Senin, 28 Desember 2009

Ayo Cegah Kanker Serviks

Ayo Cegah Kanker Serviks
ist


Minggu, 6 Desember 2009 | 01:25 WITA

Makassar, Tribun - Setiap perempuan berisiko terkena kanker serviks (kanker mulut rahim) tanpa terkecuali. Makanya, perlu melakukan pencegahan dini agar terhindari dari penyakit mematikan ini.

Demikian disampaikan dr Boyke Dian Nugraha SpOG MARS pada seminar nasional kesehatan reproduksi perempuan dengan tema Deteksi Dini Kanker Serviks yang digelar Adyakasa Supporting House di Ballroom Diamond, Mal Panakkukang, Makassar, Sabtu (5/12).

Kanker serviks memiliki risiko paling tinggi. Setiap dua menit perempuan meninggal karena kanker ini dan menjadi pembunuh nomor satu di Indonesia dibanding kanker-kanker yang lain. Kanker serviks sudah disandingkan dengan penyakit jantung.

"Kalau sudah kena kanker mulut rahim, maka hidup akan sengsara. Untuk mengobatinya pun membutuhkan biaya yang sangat banyak. Jadi, sebaiknya cegah sejak dini," kata dr Boyke.

Kanker serviks disebabkan oleh Human Papiloma Virus (HPV) yang bersifat onkogenik. Ada dua tipe HPV yaitu 16 dan 18 bersama-sama menyebabkan 71 persen kasus kanker serviks.

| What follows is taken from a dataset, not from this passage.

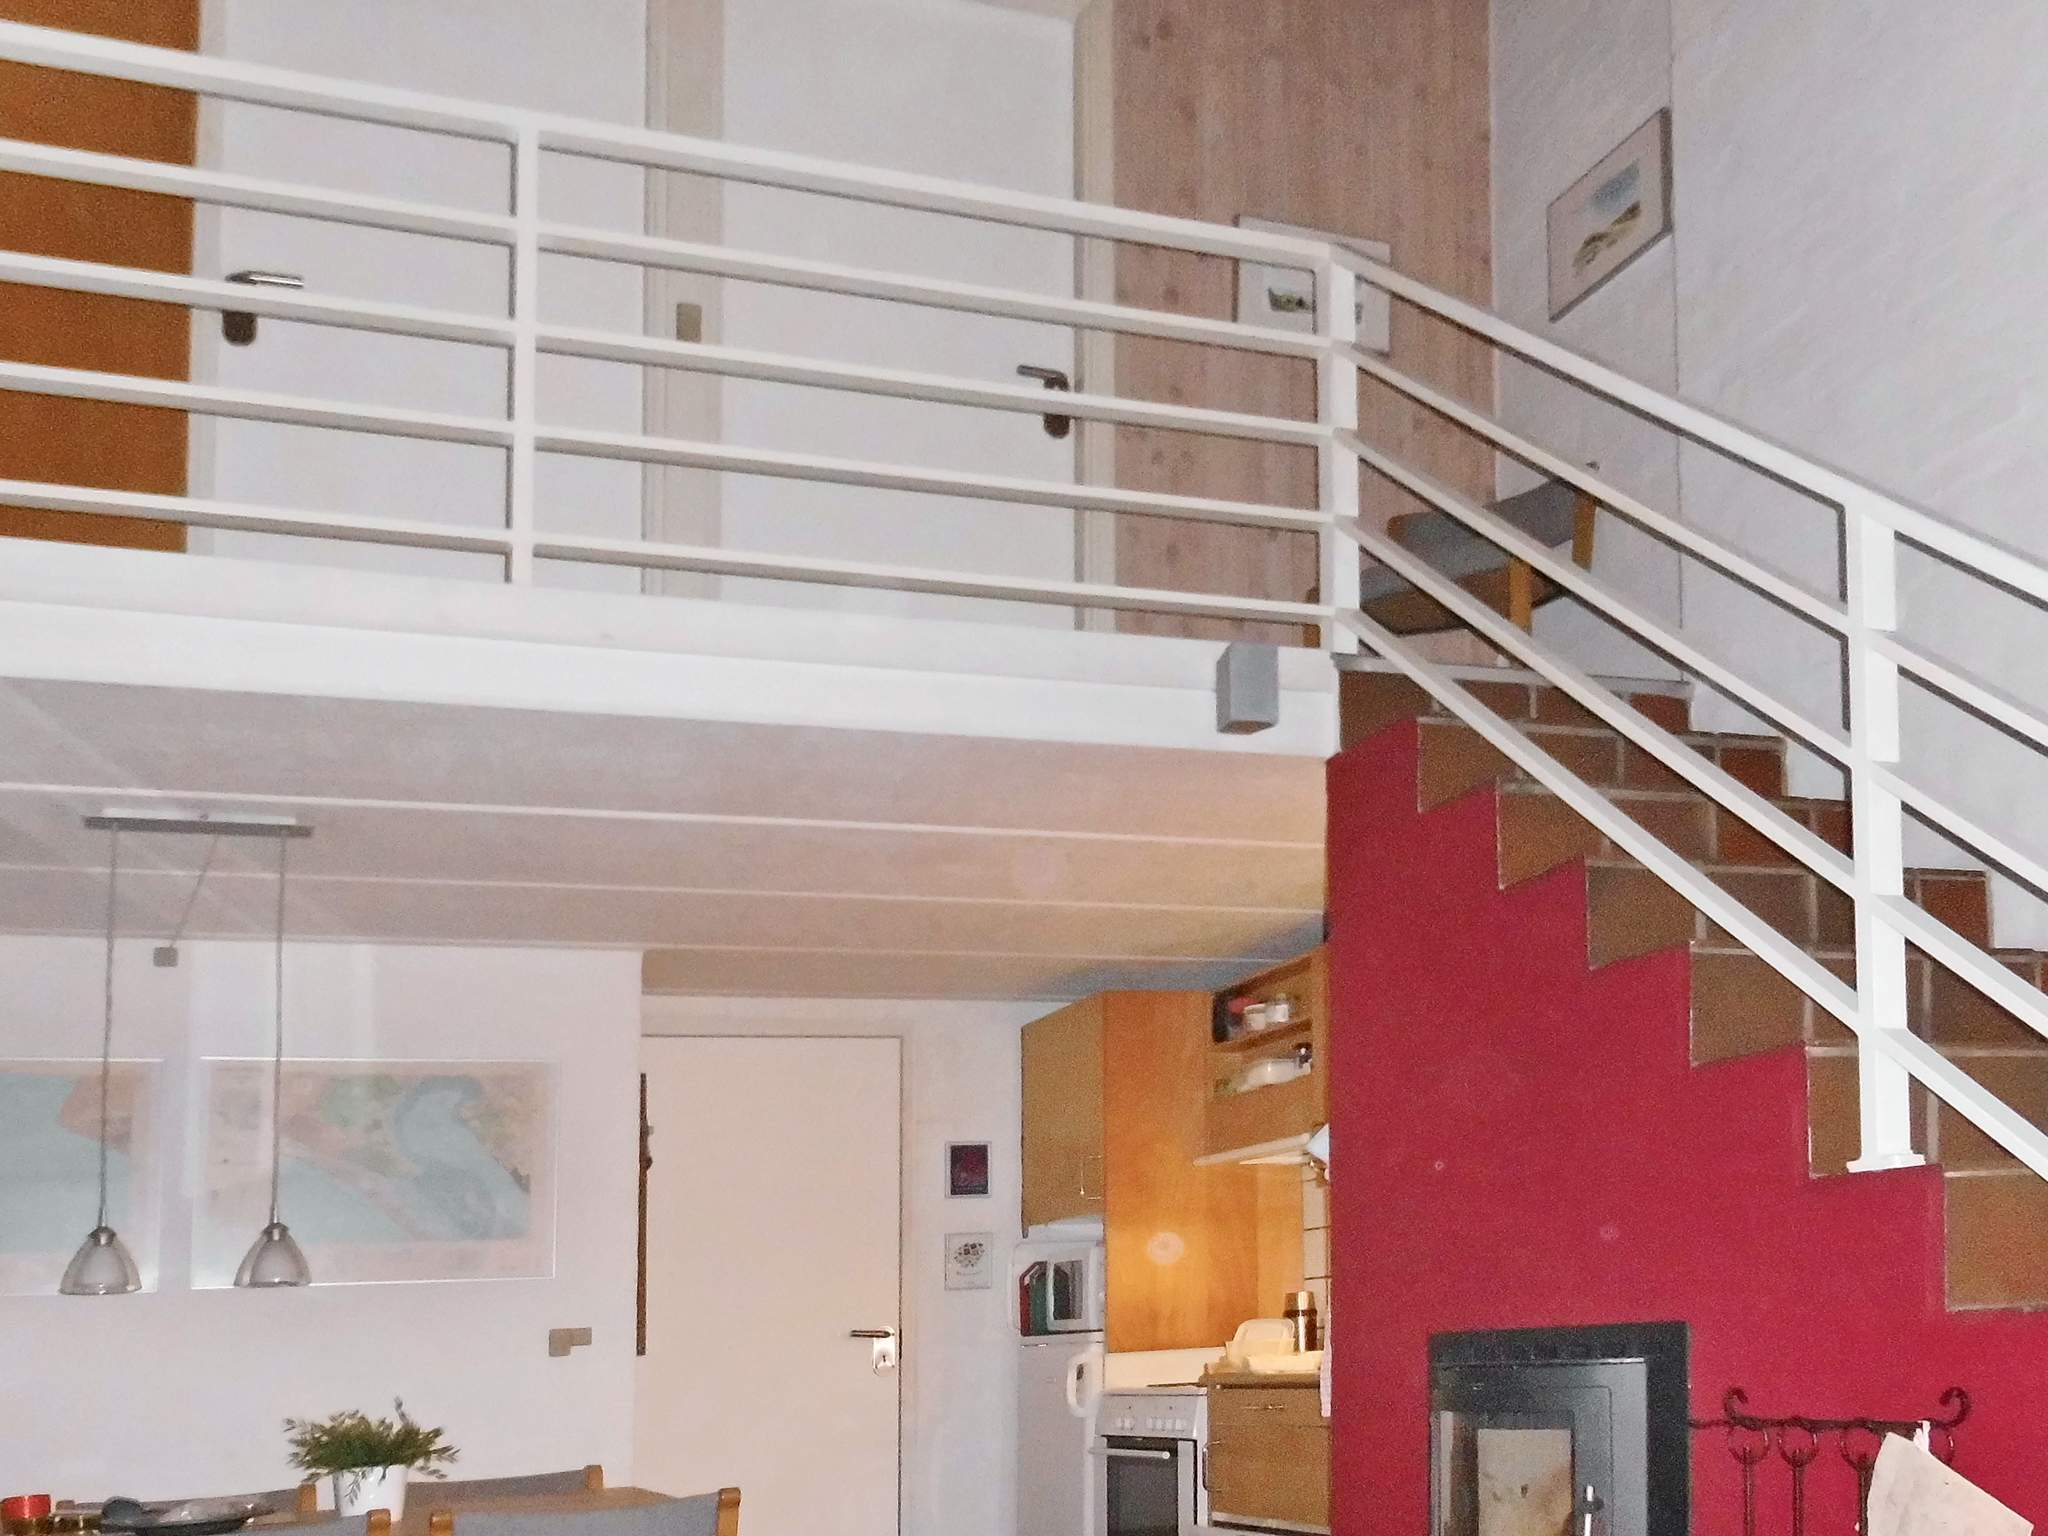 Ferienhaus Blåvand (88504), Blåvand, , Westjütland, Dänemark, Bild 6

Diperkirakan sekitar 80 persen perempaun akan terinfeksi HPV semasa hidupnya dan 50 persen diantaranya akan terinfeksi HPV yang menyebabkan kanker serviks. HPV dapat ditularkan melalui hubungan sesksual dan lainnya.

Kebanyakan infeksi awal HPV dan kanker serviks stadium dini berlangsung tanpa menimbulkan gejalah sedikitpun, sehingga penderita masih dapat menjalani kegiatan sehari-hari.

"Itulah makanya, sebaiknya para wanita menjalani papsmears yang dilakukan minimal enam bulan sekali atau sekarang ada popsnet, dengan teknologi komputer. Ini bisa dilakukan dua tahun sekali, untuk menteksi dini kanker serviks," katanya.

Apabila kanker serviks sudah mengalami stadium lanjut, maka akan menimbulkan gejala seperti pendarahan setelah senggama, pendarahan spontan, timbulnya keputihan yang bercampur darah dan berbau, nyeri panggul dan gangguan atau bahkan tidak bisa buang air kecil, serta nyeri saat berhubungan seksual.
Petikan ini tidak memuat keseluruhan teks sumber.